The section that highlights this aspect is the one that refers to ‘restrictions on the use of licensed materials’, with section A, ‘Reverse engineering and other restrictions’. In it, Twitter indicates that the developers will not perform or attempt to or allow others to reverse engineer, decompile, disassemble, or translate the Twitter API.

This agreement also states that developers may not “attempt to obtain the source code, trade secrets, or underlying know-how of any Twitter API” and that they will not be permitted to “modify, discontinue or disable features or Twitter API functionality.”
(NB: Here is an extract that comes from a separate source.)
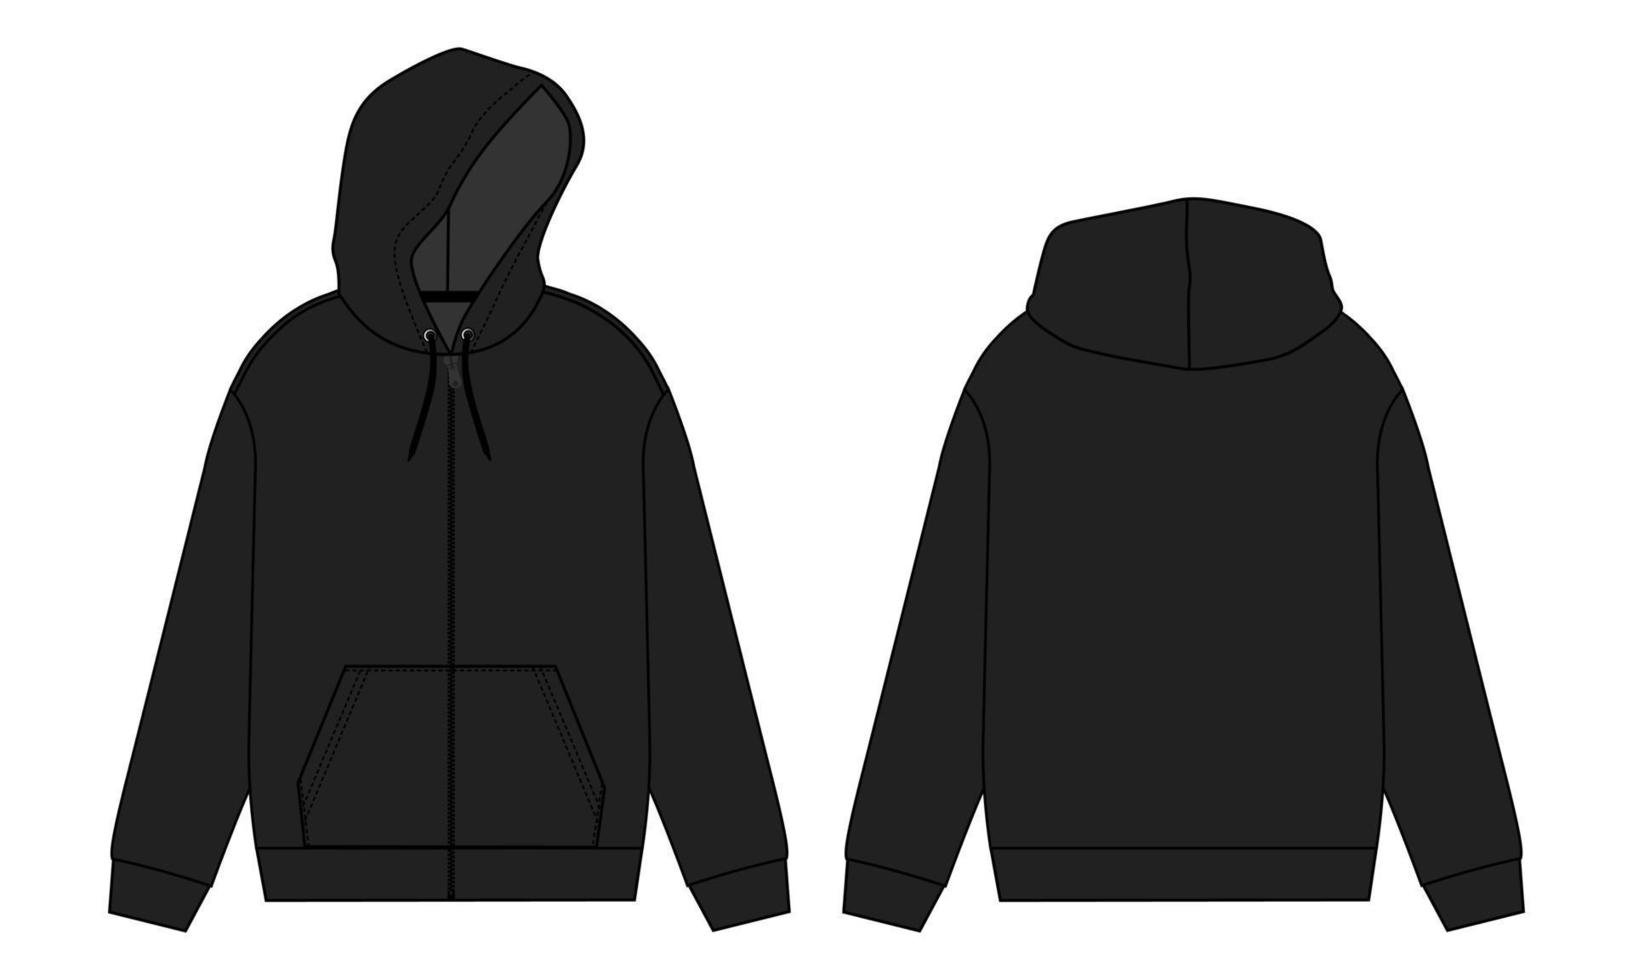 manga larga con capucha moda técnica boceto plano ilustración vectorial plantilla de color negro vector

In relation to third-party applications, the platform insists that this new agreement does not allow “using or accessing the licensed materials to create or attempt to create a service or product that is substitute or similar to Twitter applications.”

For now, neither Fenix ​​nor Tweetbot have responded to this modification of the contract for developers, unlike Twitterrific, which has announced on his blog that has discontinued its platform.

“We’re sorry to say that the app’s sudden and undignified demise stems from an unannounced and undocumented policy change by an increasingly capricious Twitter, a Twitter that we no longer recognize as trustworthy nor with which we want to continue working”, has pointed out the company that develops it, The Icon Factory.

With this, he has advanced that Twitterrific is no longer available for iOS and macOS and that iOS subscriptions will be automatically canceled by Apple’s virtual store, App Store.